Zing Forum

Reading

PGT: Breaking the Bottleneck of Fine-Grained Visual Understanding in Multimodal Large Models with Procedurally Generated Tasks

This article introduces the PGT (Procedurally Generated Tasks) framework, which enhances the fine-grained visual understanding ability of multimodal large language models through procedurally generated tasks. Experiments show that it can improve performance by more than 20%.

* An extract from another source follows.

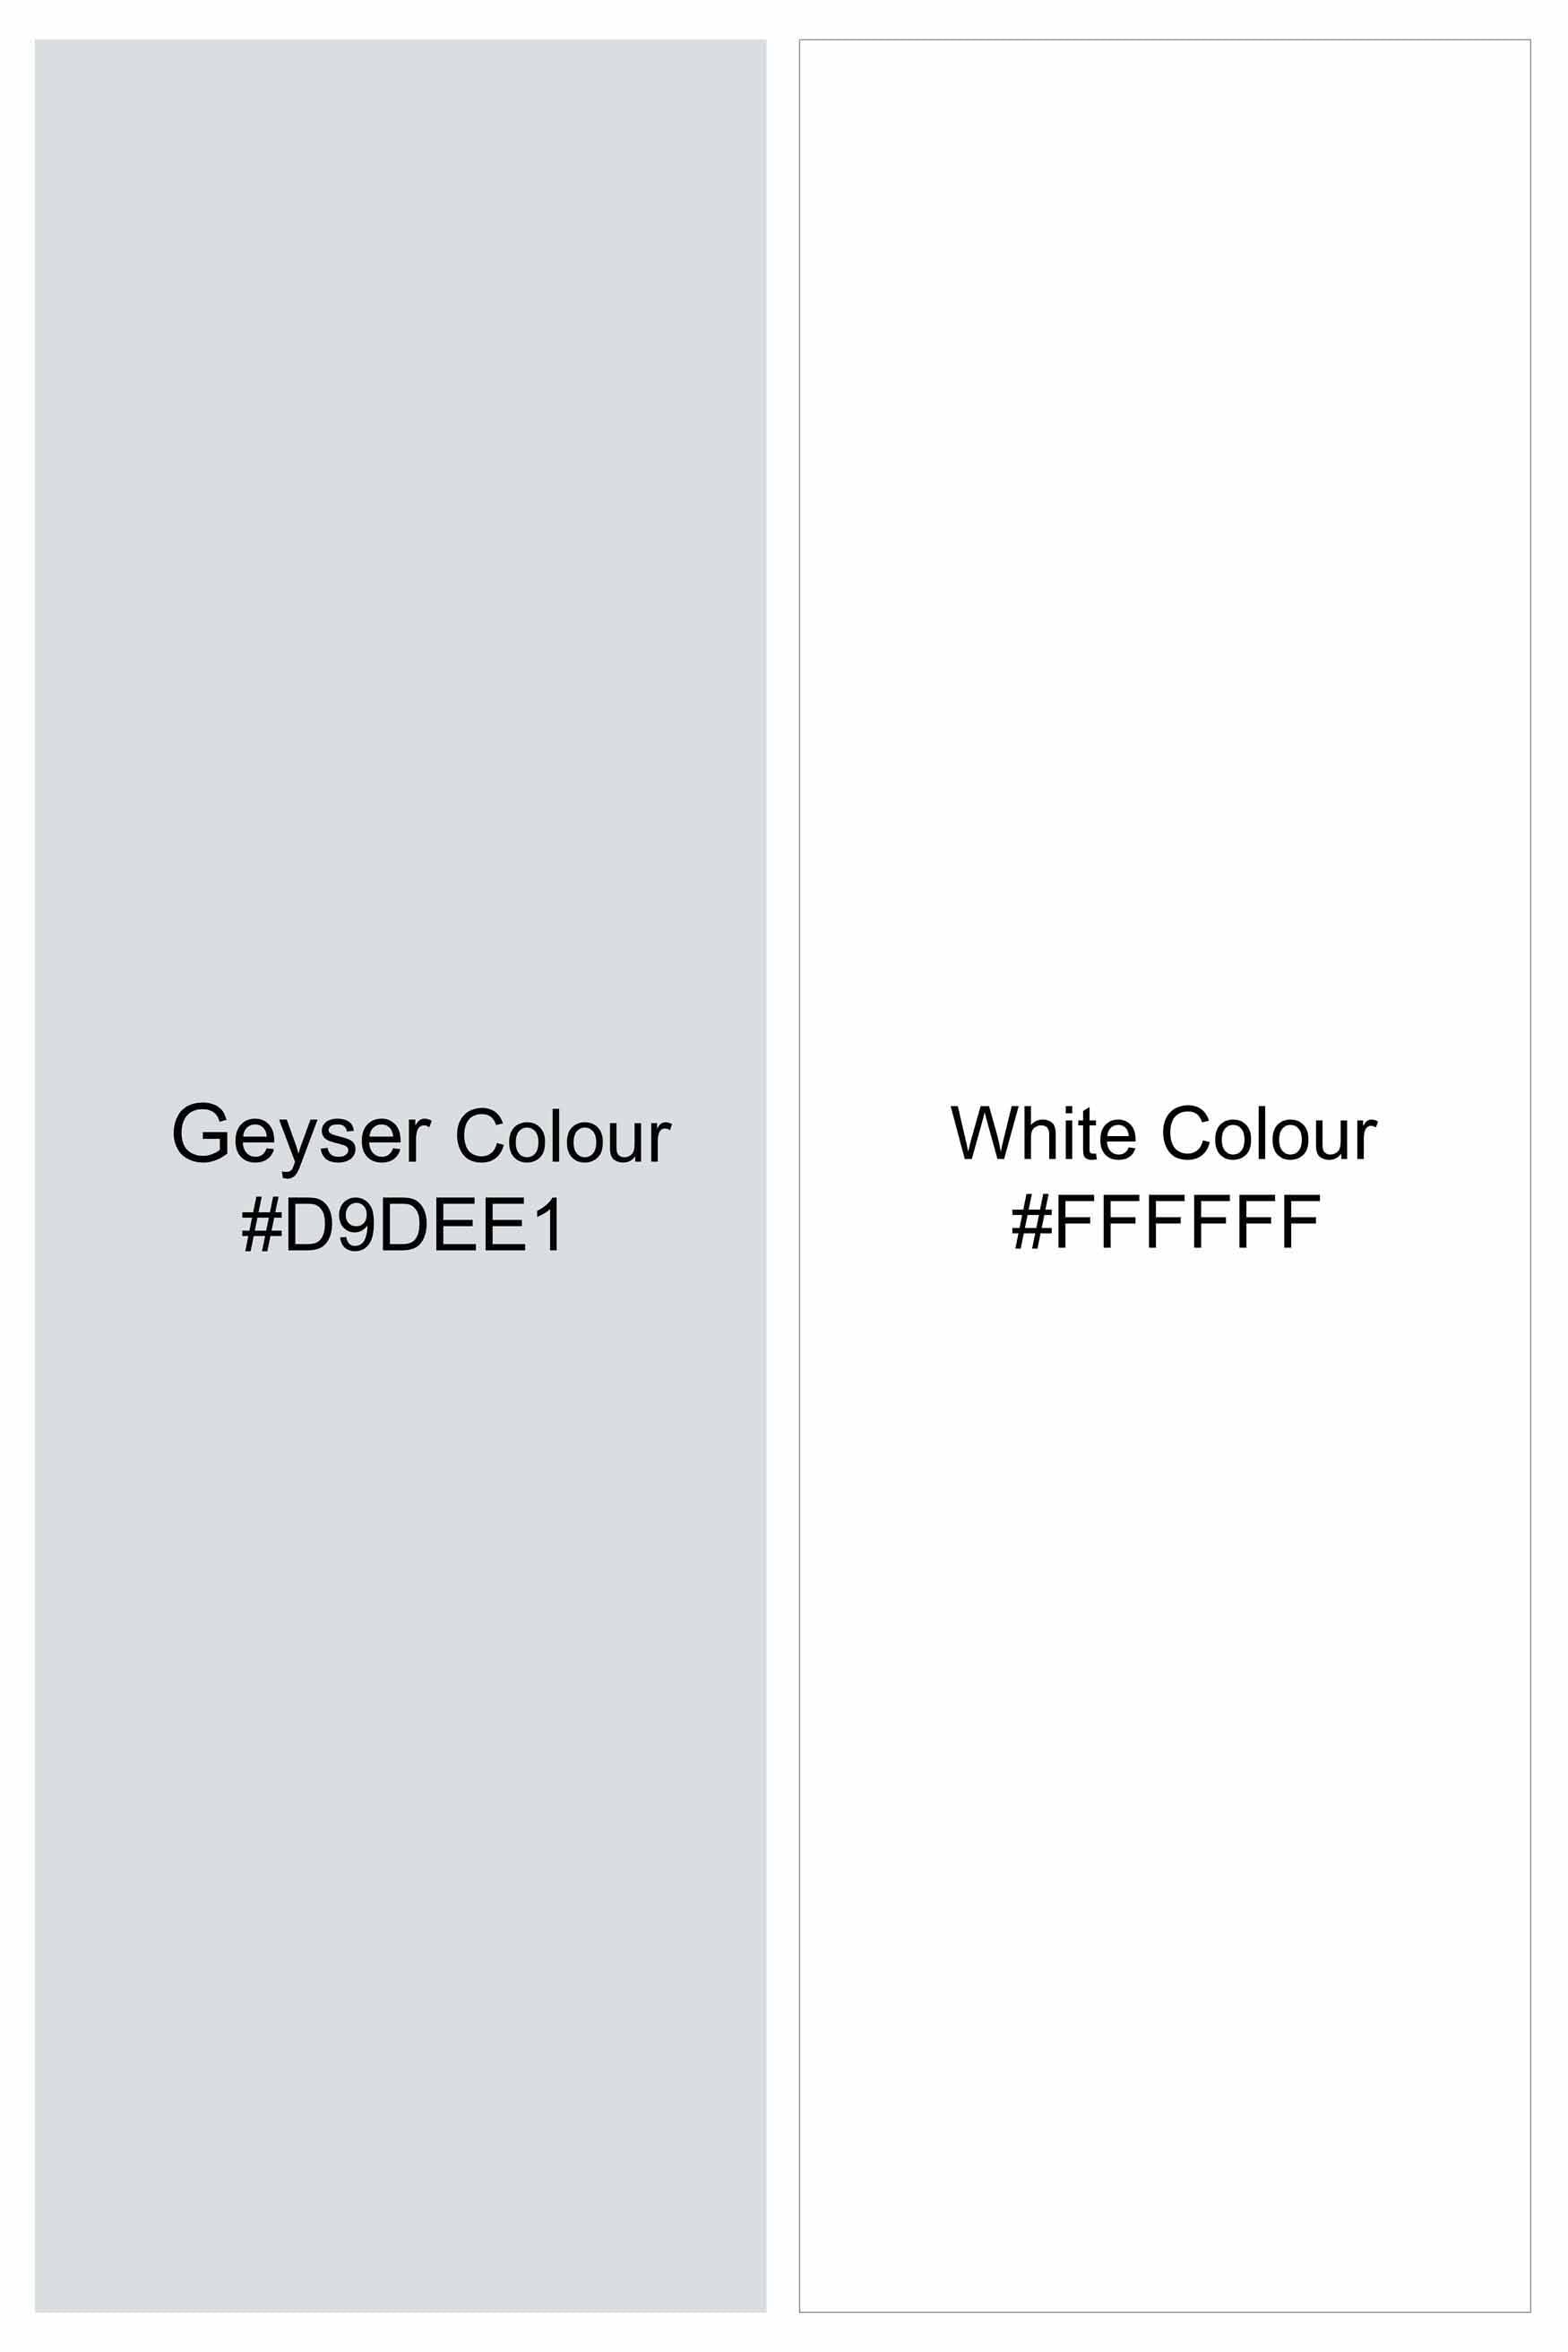 Geyser Gray and White Dobby Textured Premium Giza Cotton Shirt 11461-M-38, 11461-M-H-38, 11461-M-39, 11461-M-H-39, 11461-M-40, 11461-M-H-40, 11461-M-42, 11461-M-H-42, 11461-M-44, 11461-M-H-44, 11461-M-46, 11461-M-H-46, 11461-M-48, 11461-M-H-48, 11461-M-50, 11461-M-H-50, 11461-M-52, 11461-M-H-52

多模态大语言模型视觉理解细粒度感知数据增强空间推理MLLM计算机视觉深度学习
Published 2026-05-23 01:45Recent activity 2026-05-25 12:17Estimated read 6 min
PGT: Breaking the Bottleneck of Fine-Grained Visual Understanding in Multimodal Large Models with Procedurally Generated Tasks
1

Section 01

PGT Framework: A New Solution to Break the Bottleneck of Fine-Grained Visual Understanding in Multimodal Large Models

Multimodal Large Language Models (MLLMs) have made progress in tasks like image understanding, but they still have shortcomings in fine-grained visual understanding (e.g., spatial relationships, quantitative reasoning). The PGT (Procedurally Generated Tasks) framework enhances the model's fine-grained visual understanding ability through procedurally generated tasks. Experiments show it can improve performance by over 20%, and it can also serve as a diagnostic tool to identify the root causes of perceptual failures.

2

Section 02

Background: Challenges and Core Issues in Fine-Grained Visual Understanding

Current MLLMs perform poorly in fine-grained tasks such as spatial relationships, quantitative reasoning, and 3D depth understanding (e.g., difficulty answering "Is the cat on the left larger than the cat on the right?"). The traditional view attributes this to architectural limitations or insufficient resolution, but PGT research points out that the core issue is insufficient supervision signals—lack of enough fine-grained training data to learn precise visual localization capabilities.

3

Section 03

Methodology: Core Ideas and Technical Implementation of the PGT Framework

Core innovations of PGT: Generate dense supervision signals by overlaying geometric primitives (rectangles, circles, etc.) on images. Its functions include: 1. Decoupling visual localization and semantic priors; 2. Low-cost data augmentation; 3. Diagnostic tool. Technical implementation: Mix PGT data with the LLaVA-v1.5-Instruct dataset for instruction fine-tuning, covering tasks like spatial relationship understanding, quantitative reasoning, and 3D/depth perception. PGT does not change the model architecture, does not increase inference overhead, and is a pure data augmentation method.

4

Section 04

Evidence: Experimental Validation of PGT's Effectiveness

Experimental results demonstrate the effectiveness of PGT:

  • Base model (LLaVA-v1.5-Instruct + PGT): +20% improvement on the What'sUp benchmark, +13.3% improvement on CV-Bench-2D, while maintaining general perception capabilities;
  • Advanced model fine-tuning: +5.5% improvement on What'sUp, +8.3% on CV-Bench-2D. Even top models can benefit from PGT's fine-grained supervision.
5

Section 05

Conclusion: The Key Role of Supervision Signals and the Value of PGT

Key findings from PGT research: Many spatial reasoning defects stem from insufficient supervision signals, not architectural or resolution limitations. Practical implications: 1. Prioritize data engineering (first check if training data supervision is sufficient); 2. Low-cost improvement (no need for architectural changes); 3. Scalability (procedurally generated data, not limited by manual annotation costs).

6

Section 06

Implications: Practical Path for Multimodal AI Development

PGT validates a machine learning principle: The way to formalize a problem is more important than the solution. Redefining fine-grained visual understanding as a geometric primitive recognition task creates clear supervision signals. Implications for engineers/researchers: Adding PGT data to existing training processes can significantly improve model performance in tasks like spatial reasoning and quantitative comparison.

7

Section 07

Epilogue: The Simplicity and Elegance of PGT and Its Future Impact

PGT solves complex technical problems in a concise way, reminding us that effective solutions may lie in better data rather than more complex models. As MLLMs are applied in real-world scenarios, fine-grained visual understanding ability is key to model practicality, and PGT provides a low-cost and efficient solution.